If you spend money, then you have less money, whether you could afford it or not.
if Apple has our money, then we have less.
Does that not make sense Jack?

You money may decrease, but your wealth does not. And if the product increases your productivity, then you end up with even more income to compensate or you spend less on other needs.

----------

if Apple makes a profit from selling you something, then that profit goes from being your money, to Apple's money. You get your thing, Apple gets it's money, Apple gets the better deal as it sold it to you for more than it cost to make and ship (that's what profit is).
So if Apple does this to millions of people, then keeps that money for itself and doesn't spend it, then that money isn't being spent and circulated, it's waiting in a pile until Apple needs it.

here's the analogy for the world.
(because there is a finite amount of money, which, Jack, is relevant when such large numbers are being thrown around)
So if the world has for example $100, and Apple keeps $1 of that, not ever spending it, then the world only has $99 to go round.
People are poorer, when other people become richer!

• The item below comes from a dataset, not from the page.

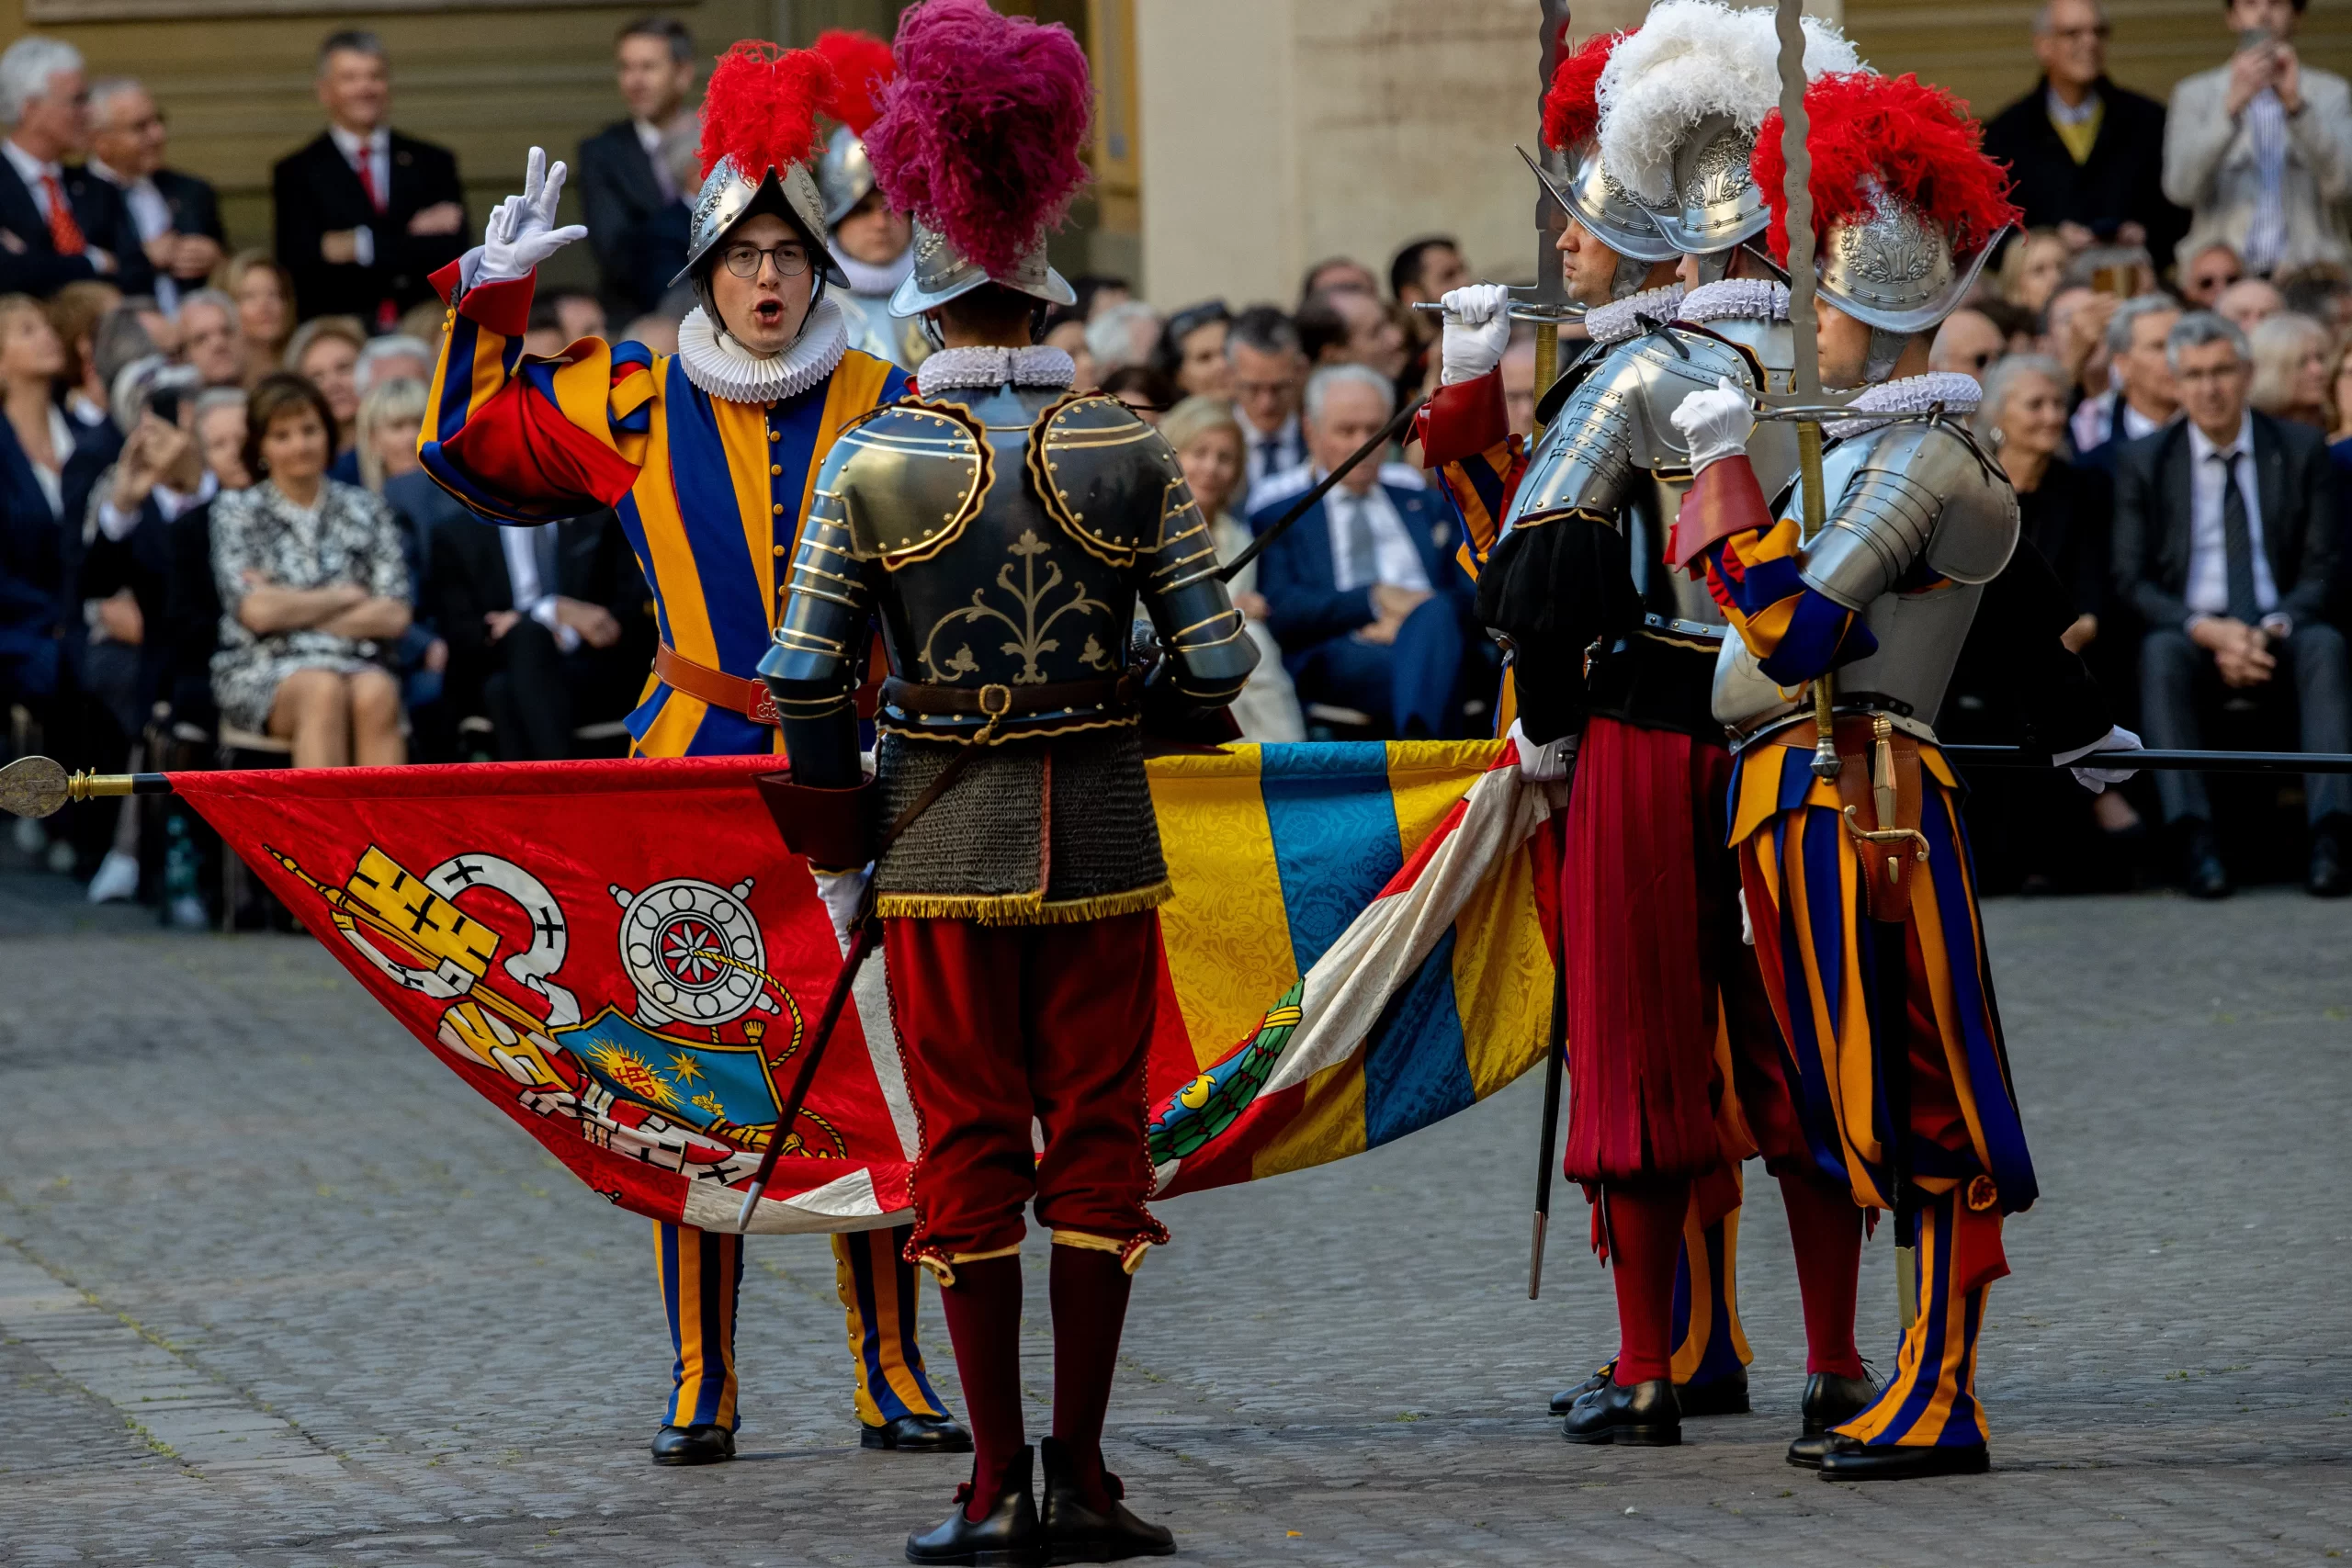 A new Swiss Guard swears to “faithfully, loyally and honorably serve the reigning Pontiff” during a ceremony on May 6, 2023. Daniel Ibanez/CNA

Apple doesn't keep the $1 dollar in a cookie jar. It puts it in a bank and then that bank loans it to some family trying to buy a house. Did you ever watch Its A Wonderful Life? The money doesn't just stop circulating. Also, what would it cost you to make an iPad for yourself? It would cost MUCH more than what Apple charges (in terms of time and resources). From Apple's economies of scale it takes a profit and provided you with a good that increases your non-cash wealth.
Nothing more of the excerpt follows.